Interesting. Stealing a phone in the future will also steal their voice and therefore activities like bank authorization.


They already do that now. People are getting phished for their sms codes. As a side note, my local news just reported a big crime spree of people robbing cashless places. They have the manager log into the clover POS machines and issue refunds into their cards.

Criminals have been high tech for a while now


do they just run to the ATM afterwards?


Probably better to have someone else wait at an ATM ready to withdraw once they get a text message.


This is alarmist at best. Does stealing someone's iPhone today mean that you've stolen their passwords and everything else? No. Why would this change?


People are being held up and forced to enter more passwords, it is definitely rarer than previously because of the technical hurdles Apple has thankfully added.

It's just interesting thinking about edge cases and what a stolen phone will mean for your identity 10-20 years from now.


What kind of banks do authorization by voice?


the australian tax office and various other entities use a vocal print of “in australia my voice identifies me” i wish i was kidding

https://amp.theguardian.com/technology/2023/mar/16/voice-sys...


‘My voice is my passport please verify me.’

“…You’re right. I can’t kill my friend.”

::turns to goon::

“Kill my friend.”


What if you don’t speak English? I guess it wouldn’t really matter but if you were leaning English it might not work with better pronunciation later.


Schwab, and they are pushing it hard.


It seems like all the brokerages got sold hard on this. I have a friend who did customer support for Fidelity and they also pushed the voice ID thing very hard. I think it was to the point they wouldn't help you until you set it up.

I have had Schwab accounts for over a decade and called them a couple times, and they didn't bug me about it. Would still prefer WebAuthn to log in, however.


Had Fidelity 401k from work I was trying to rollover to a Schwab IRA. Schwab mentioned setting up the voice password thingy, and I declined and had no further problem. Fidelity tried to push it on me before I could talk to anyone. I refused and had to dial 0 several times for it to transfer me to a person. Glad I no longer have a Fidelity account, if Schwab ever tries that BS I'll raise hell with them.


"At Schwab, my voice is my password"


Vanguard too.


Fidelity does it too


It's actually becoming more common. I'm not sure how many banks have implemented it, but I've called Spectrum about my internet and a "security" feature called Voice ID that lets you verify your identity with your voice was being advertised


Wonder if it's "perfect" enough for that or if they'll add some sort of audio fingerprint (like the invisible dots on the printers).


Some "partners and customers" listed here:

https://www.pindrop.com/whos-it-for/banking-finance

In general, financial institutions (such as the many multi-nationals and regionals that use this) don't want to talk about the specific providers they use, so it can be hard to get a comprehensive view of which are using what.

But everyone who is anyone in banking evaluated this provider, for example.


Pretty sure that gov.uk uses or used voice authentication.

Banks certainly do: https://www.vice.com/en/article/dy7axa/how-i-broke-into-a-ba...


HSBC has the option, I have never enabled it even though they continually push me to.


Besides, being able to send voice messages to third parties with someone else's voice is a security nightmare.


Fidelity does it. I've had to explicitly decline 'voice authorization' multiple times.


American banks. Of course.


Now you can steal someone's fingerprints, DNA, phone, and voice all at the same time. Efficiency!

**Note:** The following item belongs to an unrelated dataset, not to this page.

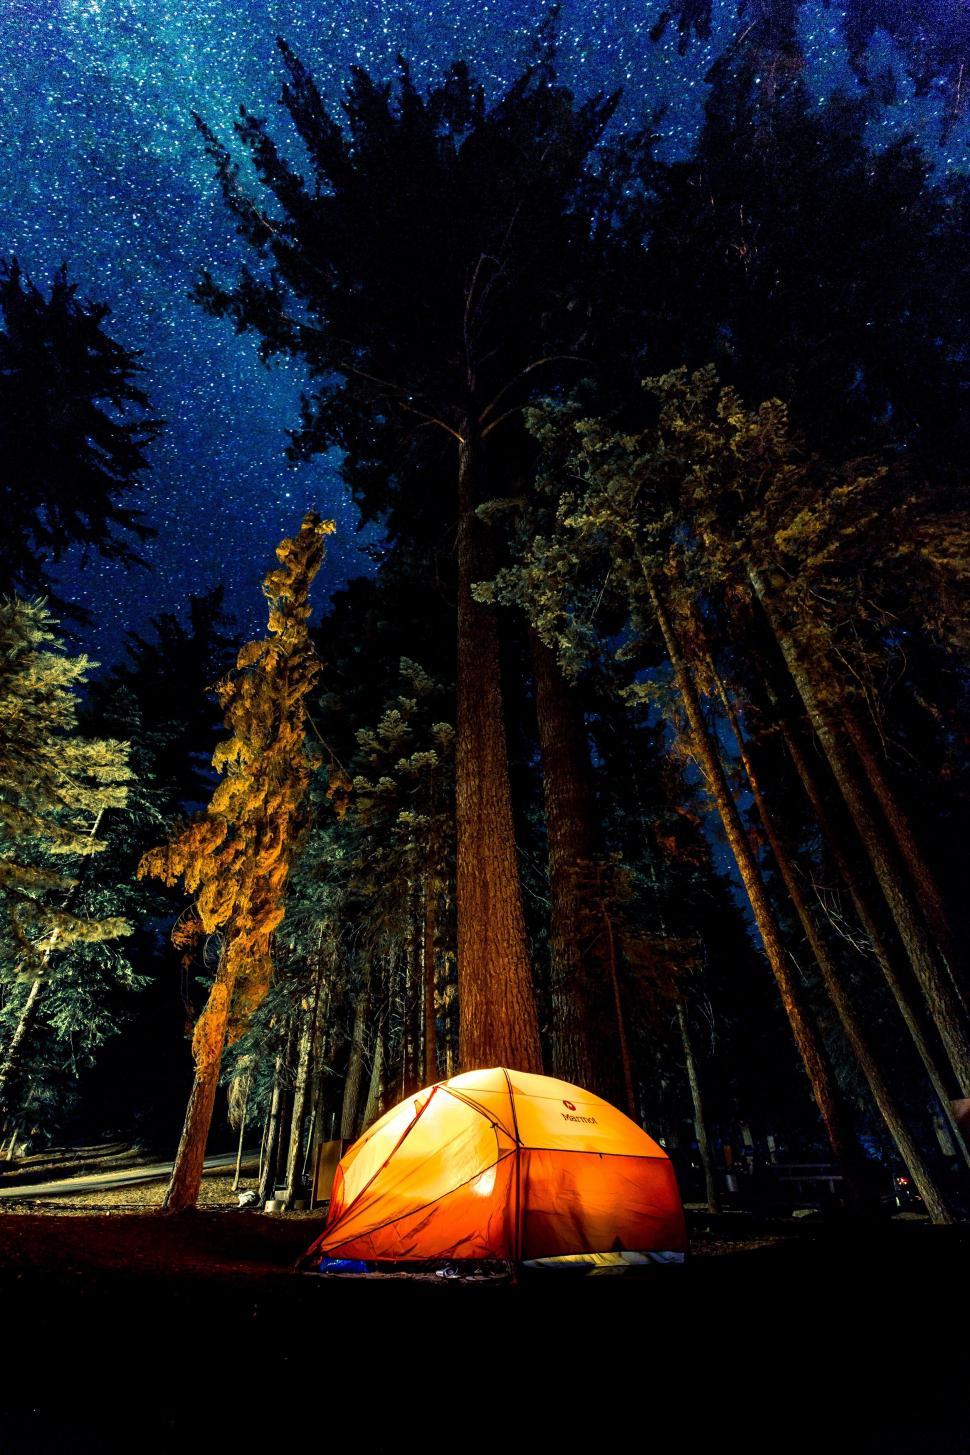 Free Image of Illuminated tent under starry night sky

And enable fake ransom calls. What will we be able to trust?


I remember the days of people buying novelty voices for their car's navigation unit. I wonder if this will become a viable business for phones too. I'm sure there's money to be made by making Darth Vader read your messages to you.

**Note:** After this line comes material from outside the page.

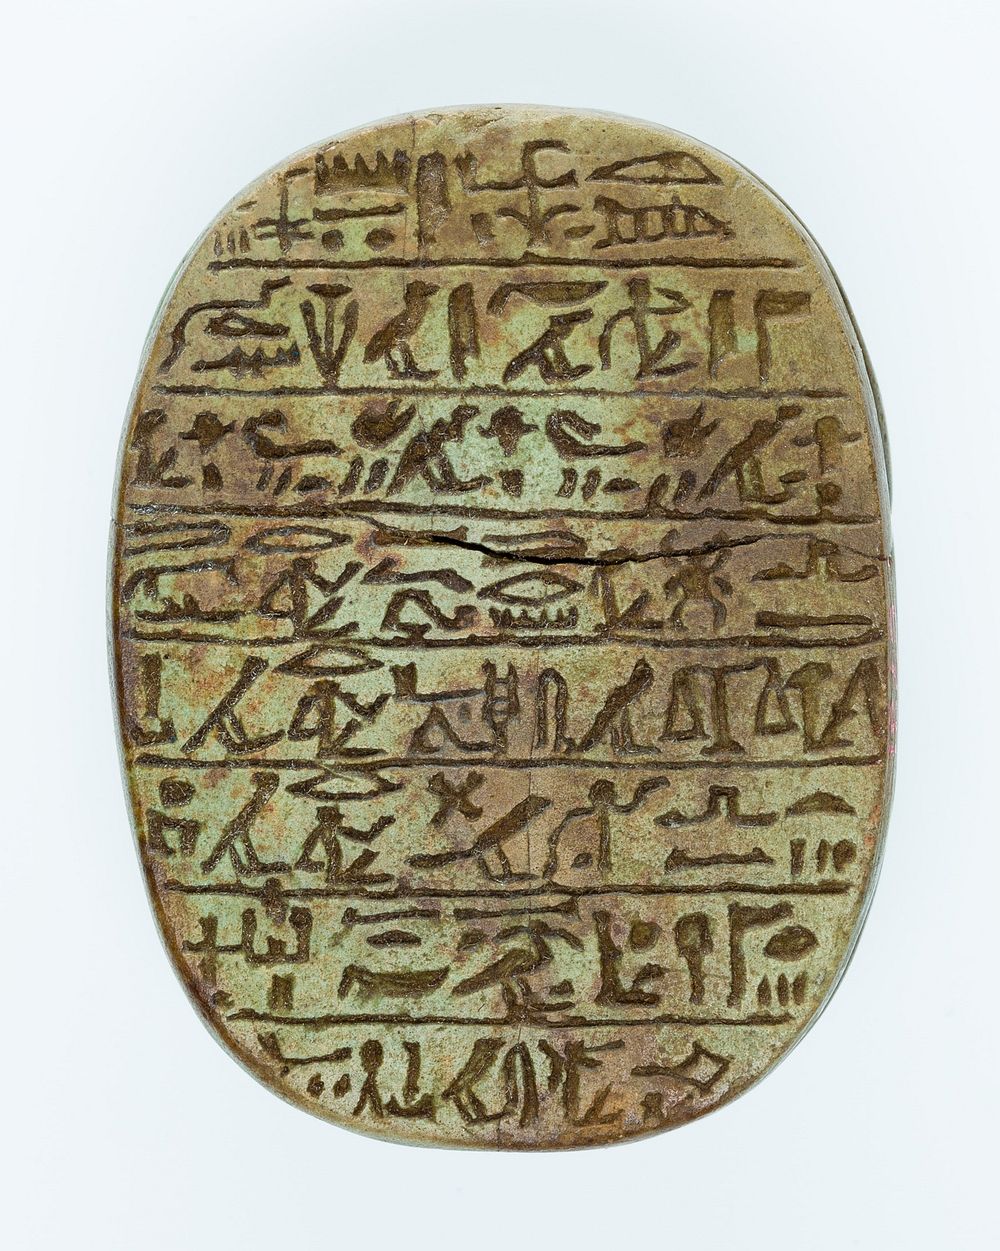 Heart scarab of Singer of Amun Iakaiu

Darth Vader now in „Return of the Jamba Spar-Abo“ (this only makes sense to Germans if at all;)


Jamster, Jambas international name, may ring a bell, though. :D


Darth Vader in TomTom was the best. https://m.youtube.com/watch?v=o9Oso7199WE


The Jeremy Clarkson one was pretty great, too.


The Alzabo is a monster from Gene Wolfes 'Book of the New Sun' series where it eats its victims and absorbs their thoughts and memories. It then speaks in the voice of its victims to lure the kinfolk of those hes eaten.

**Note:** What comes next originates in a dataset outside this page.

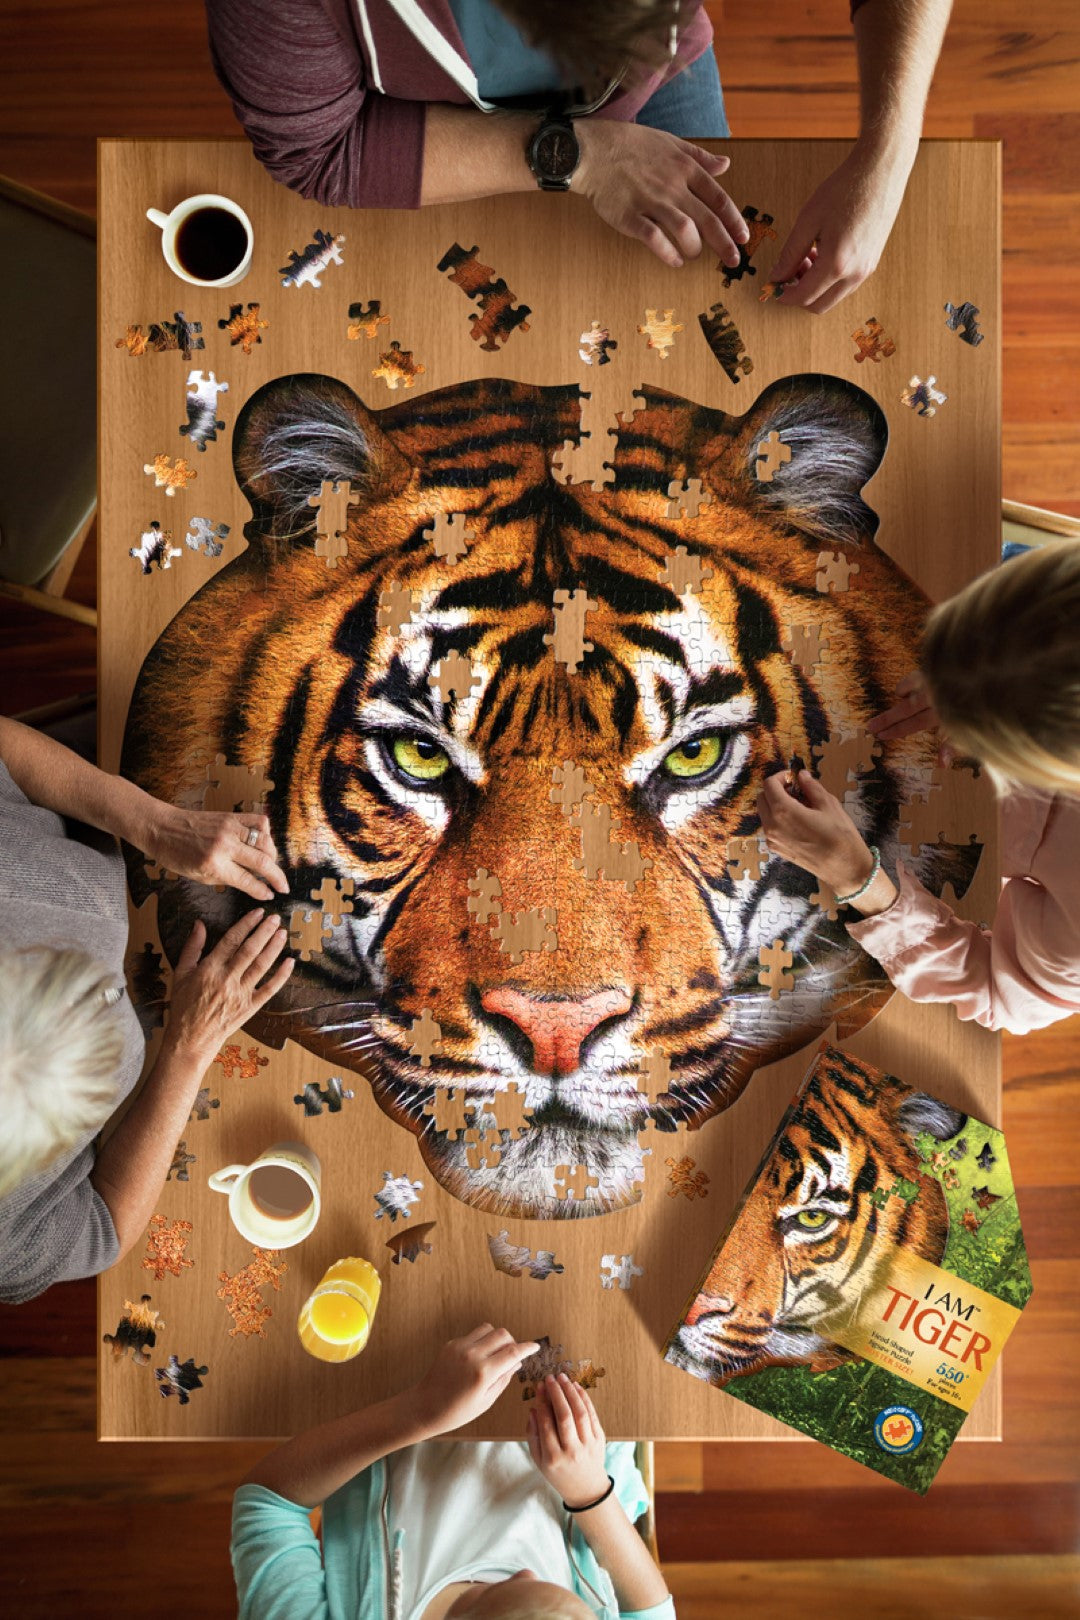 I Am Puzzle Poster Size Tiger 550pcs

Ironically I want an iPhone feature that allows me to speak in a generic voice so scammers don't clone my voice.


Heavy EU accent siri incoming!


What exactly is an EU accent?


Eastern Europeans pronounce TH and R in a specific way in English.

https://www.youtube.com/watch?v=A5onfpBVs3M


EU != Eastern Europe

EU == European Union


Yikes


Which is exactly what I said to myself when you posted EU accent.


If this is the case, why haven't we trained Echo devices to speak with Majel Barrett-Roddenberry's voice yet?


Between voice.ai and that audiobook John de Lancie and Majel Barrett recorded (Q-in-Law), I think it should be possible to run such a setup privately at least. Amazon would obviously need to get the copyright situation in order first.

Paired with projects like https://github.com/toverainc/willow I think you could recreate the Enterprise at home if you have enough IoT stuff in your home.


My voice is my passport. Verify Me


How many languages are supported?


My voice is my passport.


Ha! The article made me imagine a scene like this one in Sneakers, where over the course of dinner someone tricks their target into saying the complete set of training phrases for one of these iPhone voices. But then I realized that if the goal was to impersonate someone's voice, they'd probably just use a different voice model that was more flexible about its training data.


Verify me.


My first thought of this went to capturing the voice of a parent or family member. Imagine being able to talk with them after they pass...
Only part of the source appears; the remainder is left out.